Demoder 15 obtains recognition result based on acoustics mark and language score.Particularly, shown in following equation (1), the word W of registration is the Probability p (W|X) of input speech data X in dictionary 14 if calculate wherein, then with sequential search with high probability and export word candidate.

p(W|X)∝p(W)·p(X|W) ...(1)

In addition, the equation (2) shown in below demoder 15 utilizes is estimated optimum.

W＝argmaxp(W|X) ...(2)

The language model that language score calculating unit 13 uses is a statistical language model.Can from learning data, automatically create statistical language model, even and also can recognizing voice when the arrangement of the word of input in the speech data and syntax rule are slightly different by the N-gram model representation.Suppose according to the speech recognition equipment 10 of the embodiment of the invention intention relevant in the content of estimating to speak with being paid close attention to of task, for this reason, language model database 17 be equipped with being paid close attention to of task in comprise each be intended to corresponding a plurality of statistical language models.In addition, language model database 17 is equipped with the statistical language model corresponding with the content (it is inconsistent with being paid close attention to of task) of speaking so that ignore at estimating (this will be described in detail later) with the intention of the inconsistent content of speaking of task.

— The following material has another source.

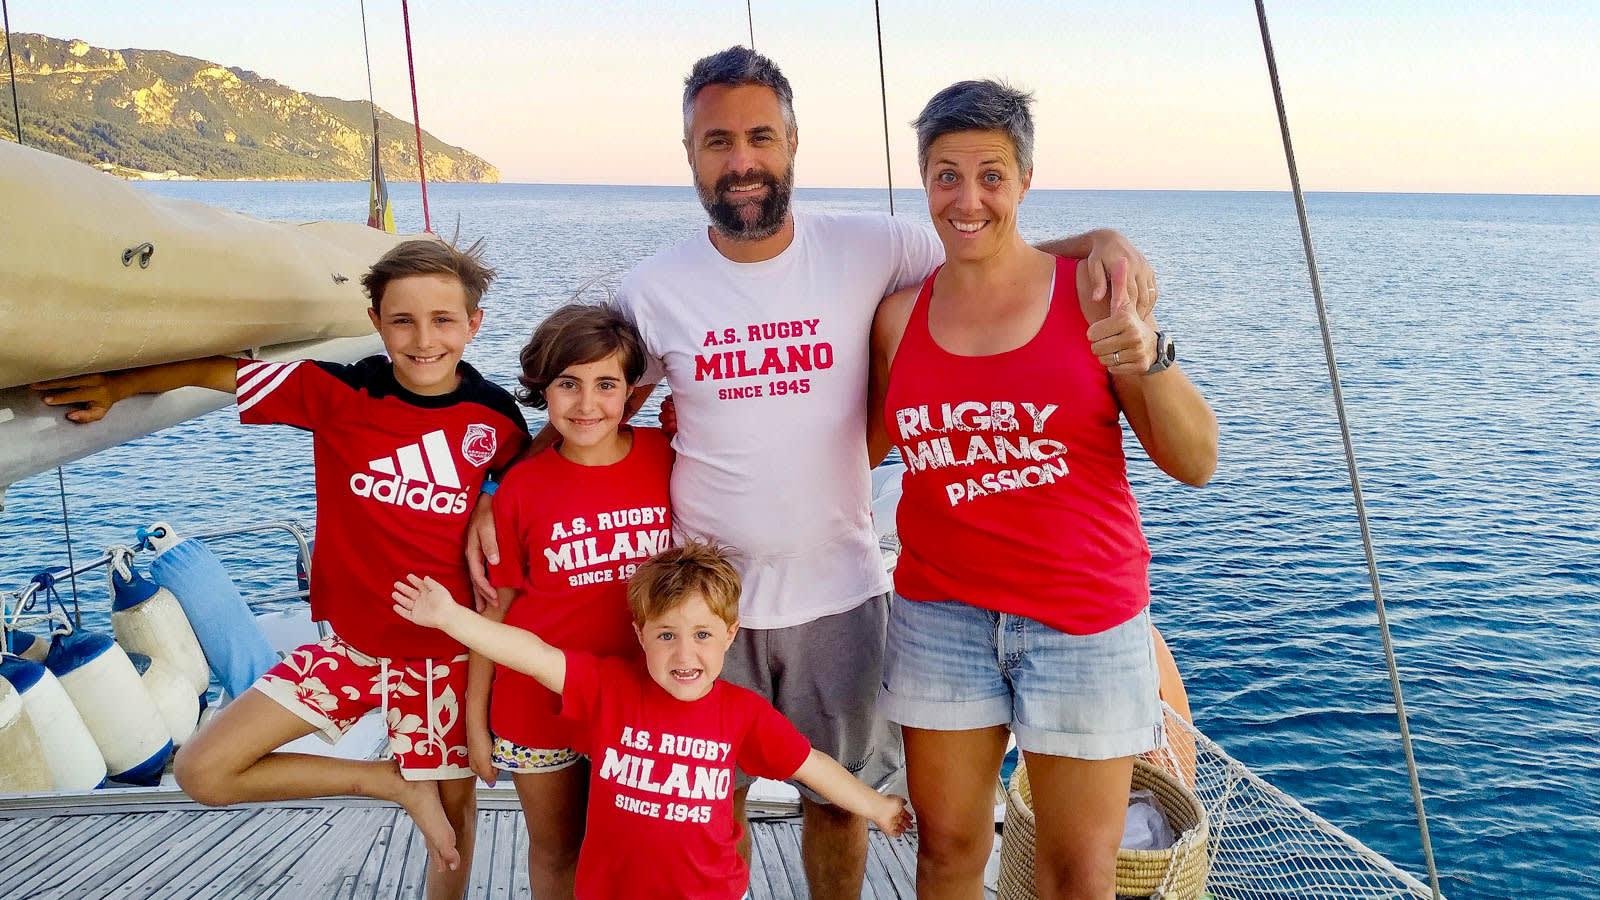 رغم إيقاف كورونا لمعظم المغامرات.. لا تزال هذه العائلة الإيطالية تستعد لرحلة بحرية ملحمية

There is the problem that is difficult to make up a plurality of statistical language models corresponding with each intention.Even this is because can be collected in medium such as books, newspaper, magazine and a large amount of text datas on the website, it is also very bothersome to select the phrase that the speaker can say, and is difficult to have a large amount of corpus at each intention.In addition, be not easy in each text to specify intention or at each intention classifying text.

Therefore, make can be simply and collect the corpus with content that the speaker can say at each intention, and by using the technology that makes up statistical language model from syntactic model, make up statistical language model at each intention suitably for present embodiment.

At first, if pre-determine the intention that in being paid close attention to of task, comprises, then pass on the abstract required phrase of intention (or symbolism) to create syntactic model effectively by making.Next, by using the syntactic model of being created, automatically produce the statement consistent with each intention.Similarly, collect corpus at each intention after, can make up a plurality of statistical language models corresponding by utilizing statistical technique to carry out probability estimate from each corpus with each intention with content that the speaker can say.

In addition, for example, Karl Weilhammer, Matthew N.Stuttle and Steve Young (Interspeech, 2006) " the Bootstrapping Language Models for DialogueSystems " that is shown described the technology that makes up statistical language model from syntactic model, but do not mention effective construction method.On the contrary, in the present embodiment, can make up statistical language model from syntactic model effectively as described as follows.

To describe about using syntactic model to create the method for corpus at each intention.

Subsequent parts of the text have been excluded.